C’est un pays serein que dirige avec sagesse le Premier ministre Drnovsek. Tellement serein qu’il craint de voir son bonheur se diluer dans l’Union Européenne.

De notre envoyé spécial (Extrait de L’Express n° 2678 semaine du 31 octobre au – novembre 2002

 

Dans l’Eurobaromètre, enquête régulière sur les opinions pu­bliques européennes, ce petit pays-là détient une place à part. Avec ses vallées alpines, ses clochetons immaculés, sa capitale assoupie, aimable bourgade où les façades de style classique dessinent un décor de sous-préfecture de l’empire des Habsbourg, la Slo­vénie est, parmi les futurs membres appelés à rejoindre l’Union européenne en 2004, le pays le plus méconnu des Français. « C’est la raison du succès, commente, avec ce brin de fatalisme des Slaves du Sud, le Premier ministre, Janez Drnovsek. Notre développement est stable, notre économie est saine et nous sommes à l’abri des conflits rien ici n’attire l’attention des médias étrangers. »
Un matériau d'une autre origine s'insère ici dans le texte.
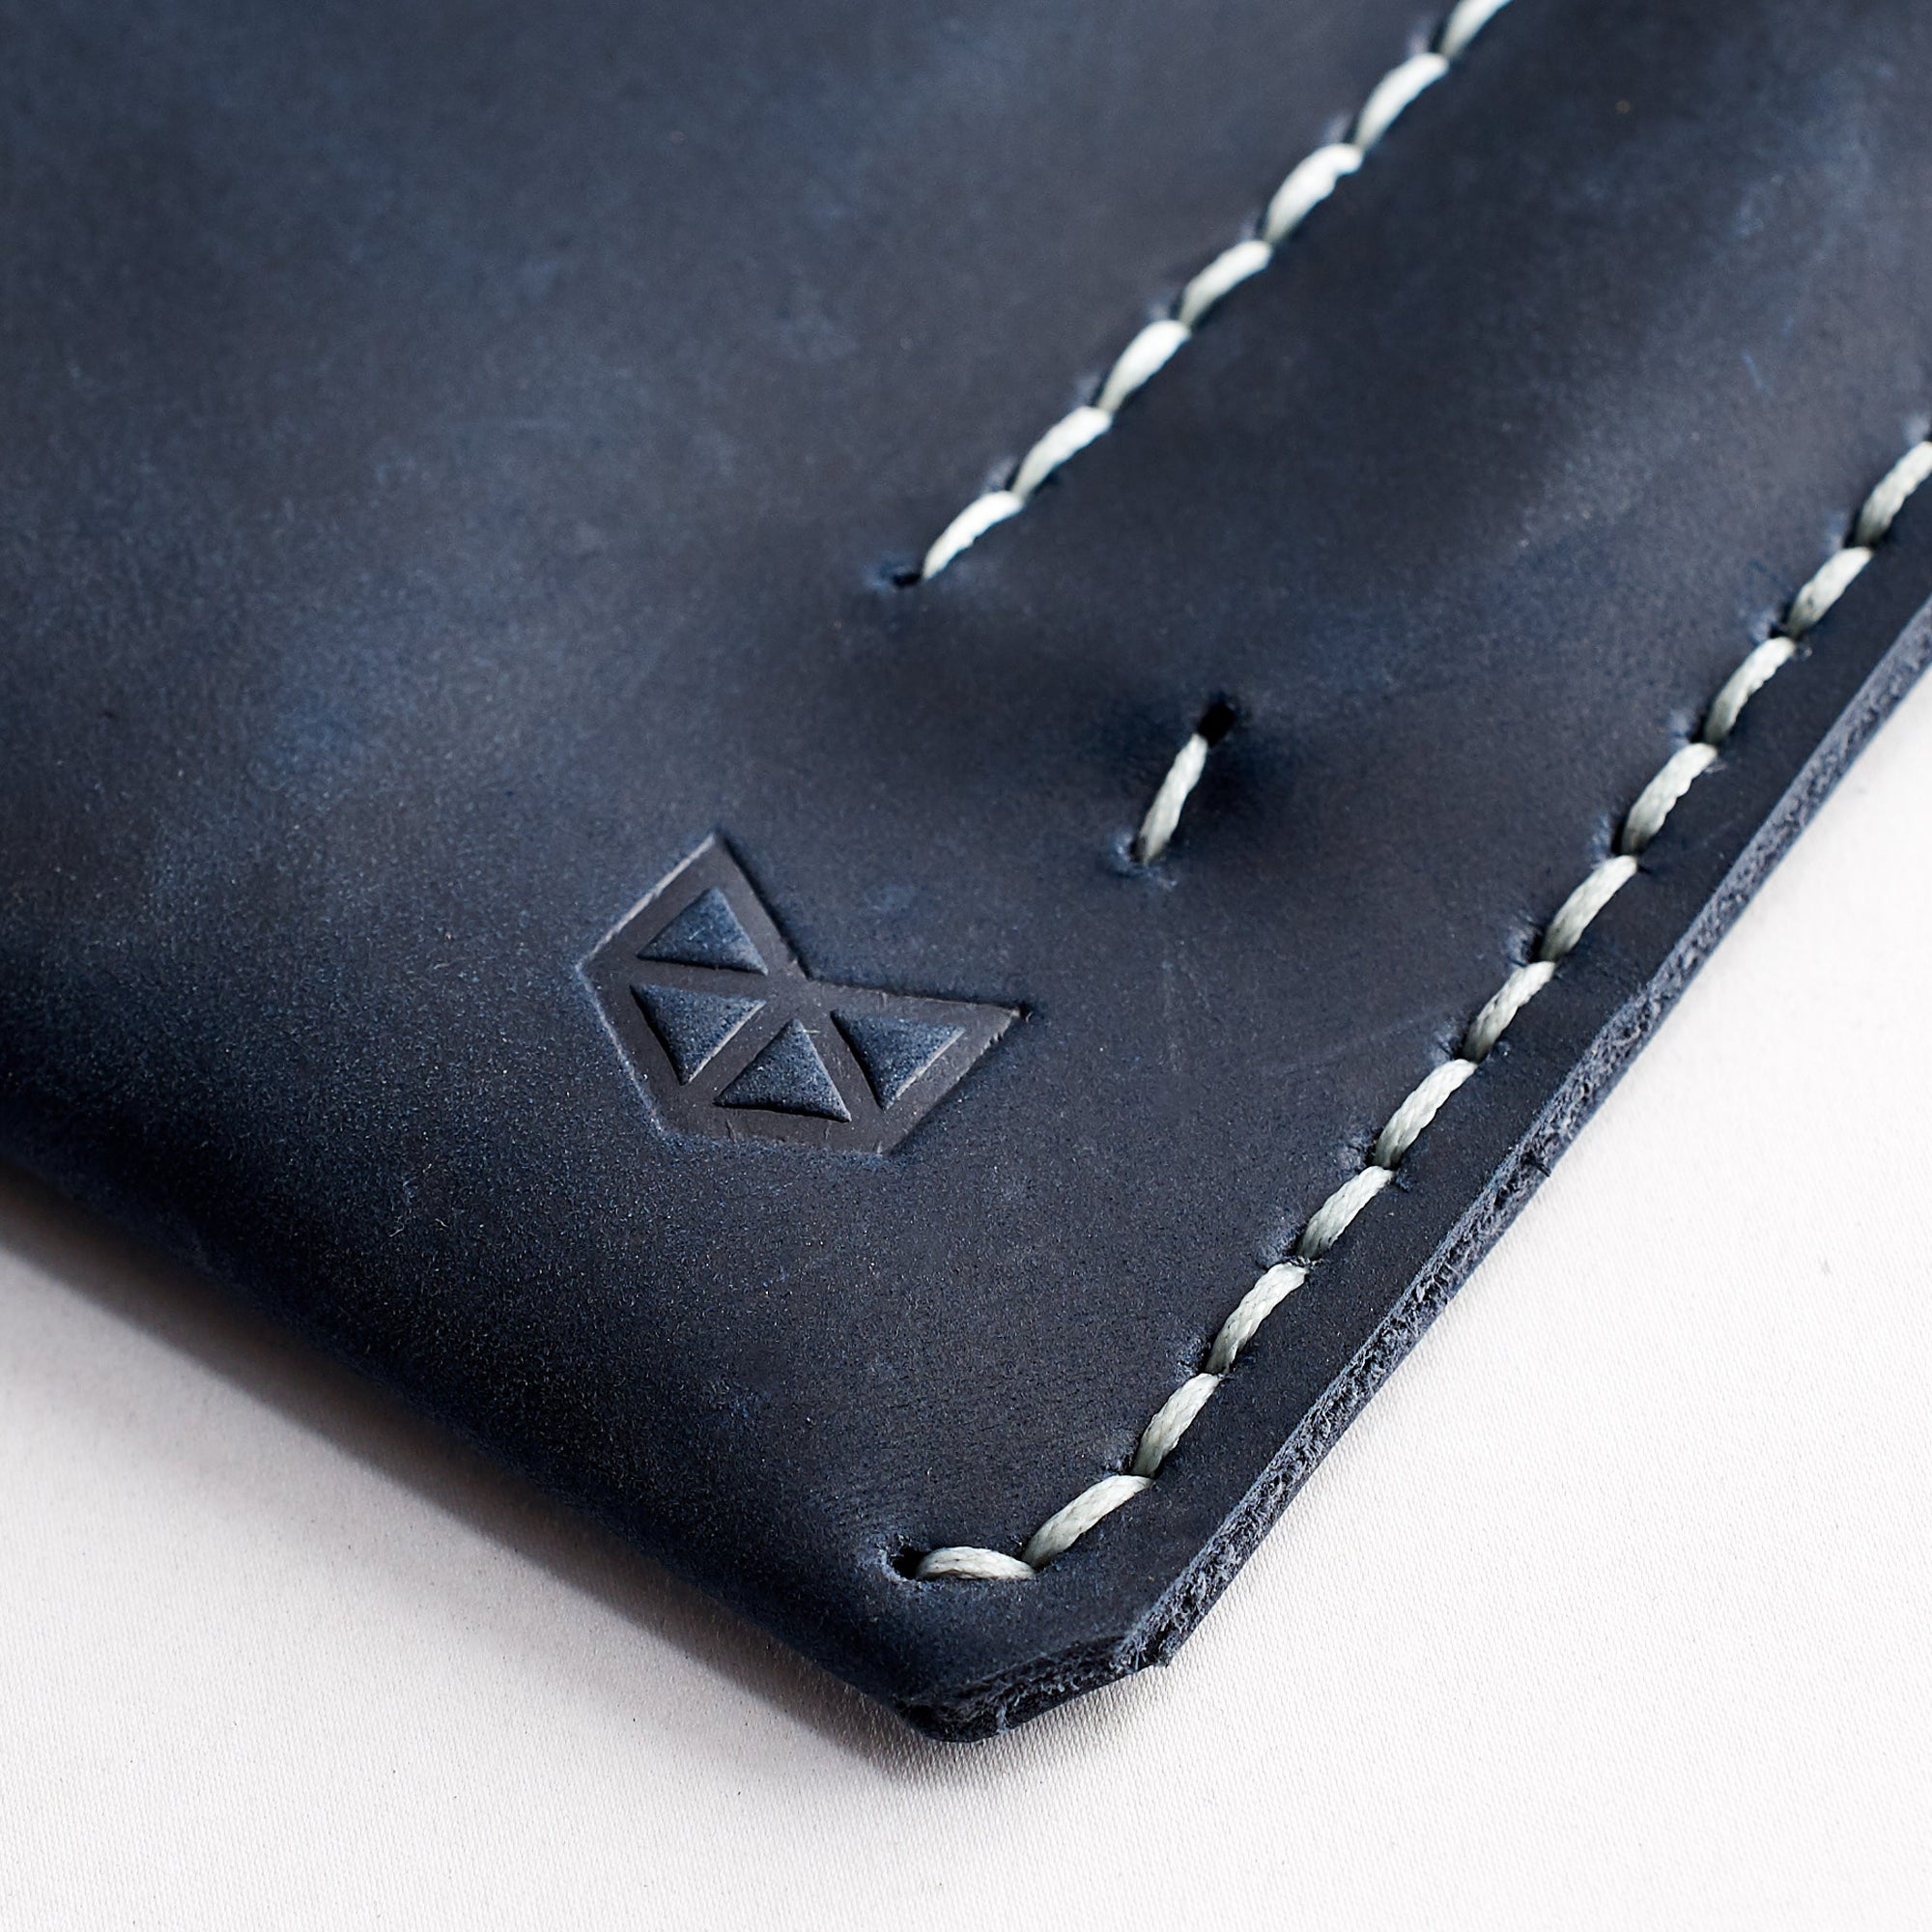 Hand Stitched. iPad Sleeve. iPad Leather Case Navy With Apple Pencil Holder by Capra Leather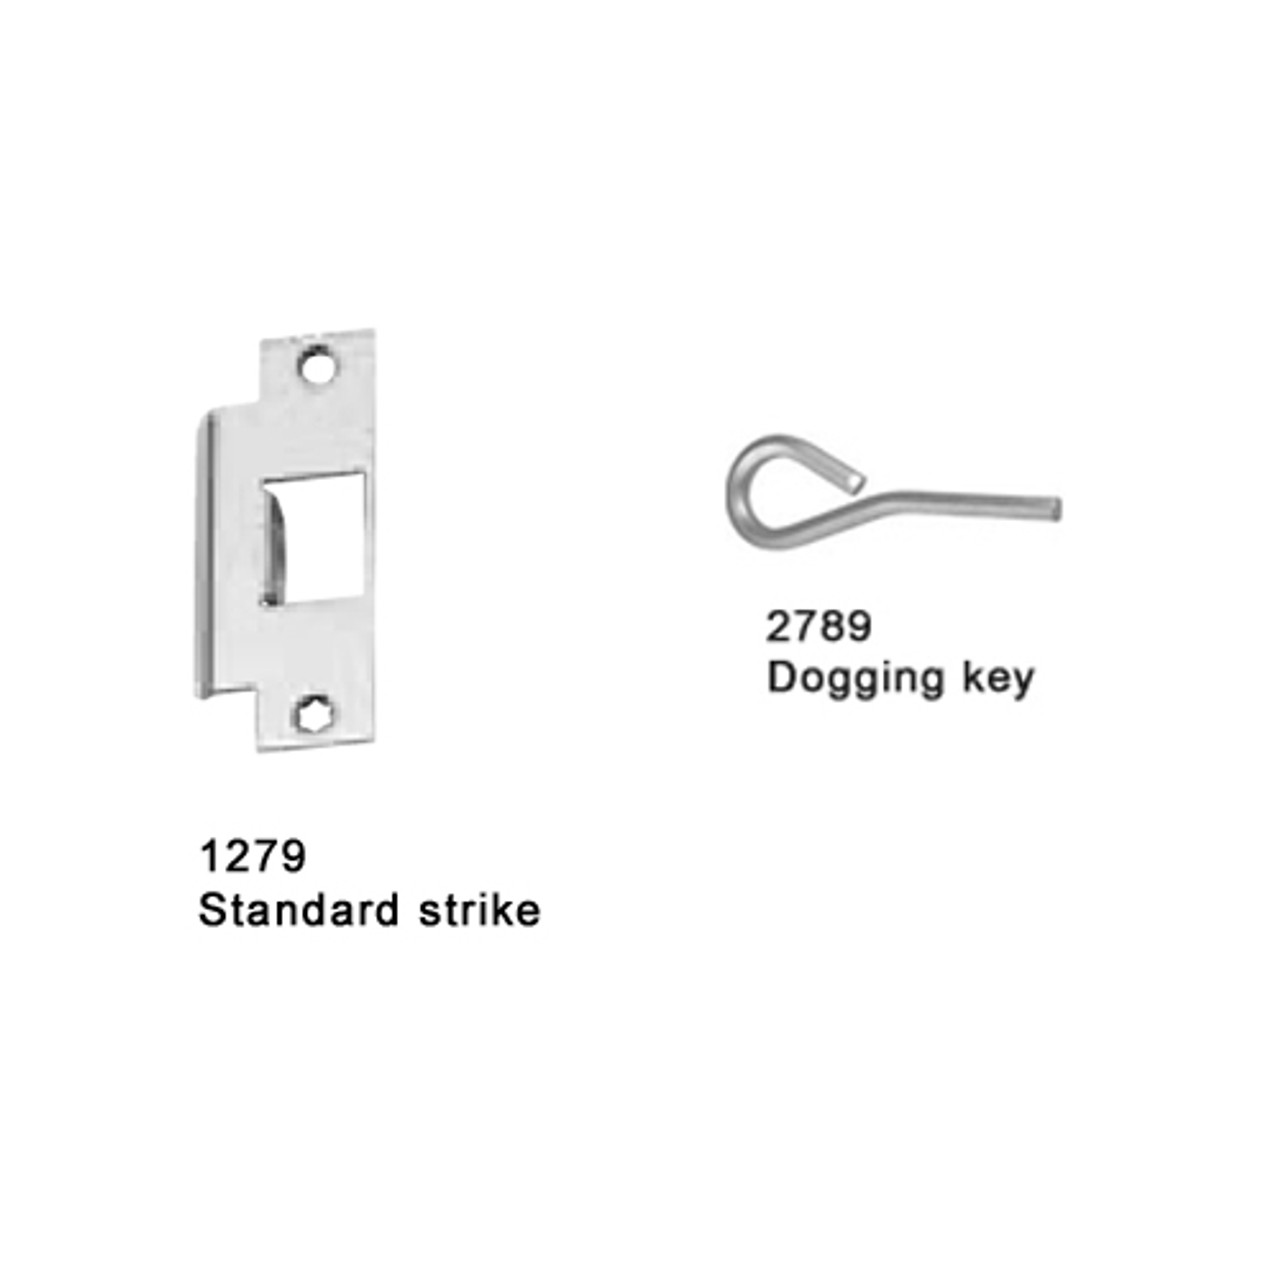 25-M-L-DT-DANE-US32D-3-LHR Falcon 25 Series Mortise Lock Devices 510L-DT Dane Lever Trim with Dummy Trim in Satin Stainless Steel

Pour vivre heureux, vivons cachés. Ce pourrait être la devise nationale des Slovènes. Leur territoire, ces versants alpins qui dévalent vers l’Adriatique, a longtemps été en proie à la convoitise des voisins latins, germaniques, hongrois. L’expérience yougoslave elle-même a vite été perçue comme la sujétion à une nouvelle domination extérieure, croate et serbe. De cette histoire, les Slovènes ont gardé un vif attachement à leur indépendance, arrachée en 1991 lors de l’éclatement de l’ex-Yougoslavie, et une solide méfiance à l’égard des appétits étrangers. Ce n’est pas le moindre des succès à porter au crédit de Janez Drnovsek que d’avoir conduit, malgré les réticences d’une large partie de ses concitoyens, le pays à l’adhésion. A 52 ans, cet économiste inspire, il est vrai, une telle estime qu’il est donné comme le prochain vainqueur de l’élection prési­dentielle des 10 novembre et 1er décembre.

 

 

Janez le bienheureux

 

En 1989, celui qui n’est alors qu’un inconnu devient le premier élu non communiste à représenter la République slovène à la présidence collective de Yougoslavie. Il sera le dernier président de la Fédération yougoslave, entre 1989 et 1990, période pendant laquelle il défend les droits de l’homme et permet la tenue d’élections libres en Slovénie et en Croatie. Ce polyglotte il parle six langues, dont le français discret, presque taciturne, adepte du yoga, bourreau de travail connu pour peser ses mots et ses décisions, passé par l’épreuve du cancer, gouverne la Slovénie depuis 1992 (sauf pendant six mois) avec un seul objectif: ancrer le pays à l’Ouest, dans l’Union et dans l’Otan. « Nous réintégrons l’Europe, explique cet auteur d’une autobiographie intitulée Echapper â l’enfer, décidés à assumer notre part des res­ponsabilités communes et no­tamment à aider à la stabili­sation des Balkans. » Les relations, un temps difficiles, avec l’Autriche et l’Italie les droits des minorités respec­tives, l’indemnisation des biens expropriés après 1945 ont été normalisées. Membre du Parti européen des libéraux démocrates et réformateurs, Drnovsek plaide déjà pour un prochain élargissement au voi­sin croate « avant la Rouma­nie et la Bulgarie », une simplification des mécanismes de prise de décision dans l’Europe à 25, une réforme de la po­litique agricole européenne, « trop subventionnée », et « un renforcement politique, économique mais aussi militaire de l’Europe dans le partenariat avec les Etats-Unis ». Patiemment, face à son opinion tentée par une neutralité à la suisse, il défend la prochaine adhésion à l’Otan comme il ouvre progressivement l’économie slovène, encore largement publique, aux intérêts privés étrangers, seuls capables d’investir et d’assurer la compétitivité des entreprises locales. A force de pédagogie, il a ainsi désarmé les oppositions à la privatisation de l’industrie pharmaceutique et bancaire ou d’une des deux brasseries nationales. « L’opinion slovène est, au sein des pays candidats, celle qui est la mieux informée des mécanismes de l’Union européenne, constate l’Irlandais Erwan Fouere, chef de la délégation européenne. Mais elle est traversée par la crainte de perdre, avec l’élargissement, sa qualité de vie et de voir ses coutumes menacées. »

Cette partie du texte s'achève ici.